Mercredi 19 octobre, le Comœdia accueillait Emmanuelle Seigner et Katell Quillévéré pour l’avant-première de son film Réparer les vivants, qui sortira dans les salles le 1er novembre. C’est devant une salle comble et émue par ce drame sensible et juste que la réalisatrice et son actrice ont ensuite animé une discussion autour de la question majeure du film : le don d’organes.
Réparer les vivants est le troisième long-métrage de la jeune réalisatrice et scénariste française. Après Un Poison Violent en 2005, pour lequel elle reçoit le prix Jean Vigo, et Suzanne en 2013 avec un césar du meilleur second rôle féminin pour Adèle Haenel, Katell Quillévéré s’attaque cette fois à l’adaptation du best-seller de Maylis de Kerangal : Réparer les vivants.
Katell Quillévéré nous confie qu’elle s’est vue offrir le livre de Maylis de Kerangal par son producteur alors qu’elle commençait l’écriture d’un autre projet après Suzanne. Profondément touchée par cette histoire, pas encore devenue best-seller, elle décide alors de mettre en stand-by son projet pour acquérir les droits de l’œuvre.

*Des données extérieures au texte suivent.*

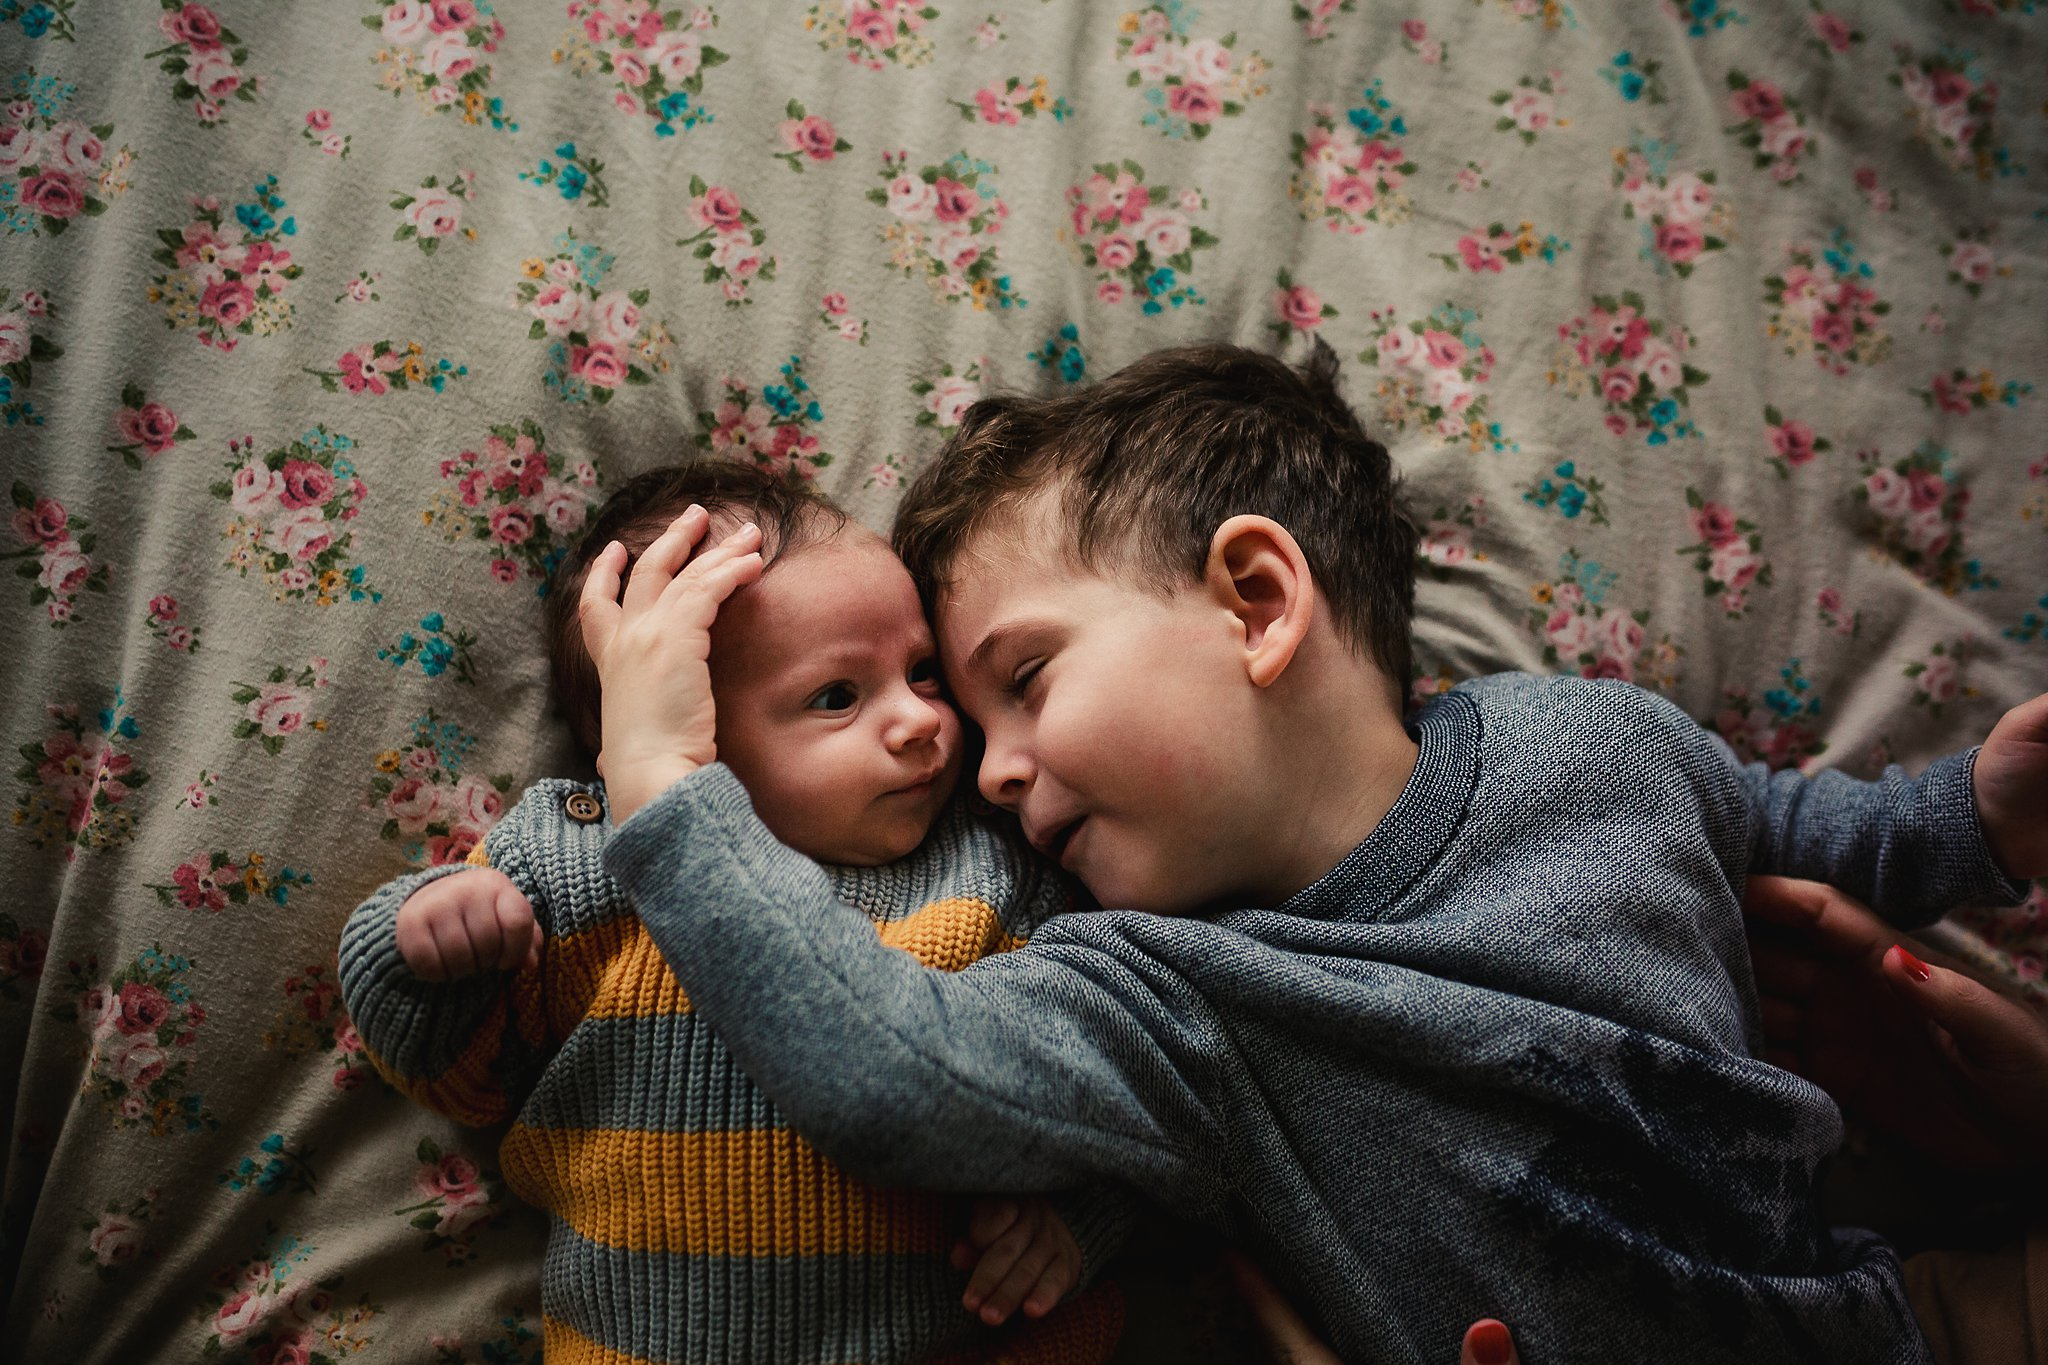 newborn-baby-in-home-family-photography-albury-wodonga-north-east-victoria (9).jpg

La réalisatrice est revenue sur sa collaboration avec Maylis de Kerangal dont elle a confié qu’elle était très présente tout au long du tournage et de l’écriture. Si l’écrivaine avait un droit de regard sur les choix de Quillévéré, chacune a pu travailler en bon entente, respectant le travail d’écriture de l’une tout en laissant à l’autre la souplesse nécessaire pour produire une adaptation la plus fidèle possible à l’univers de l’œuvre.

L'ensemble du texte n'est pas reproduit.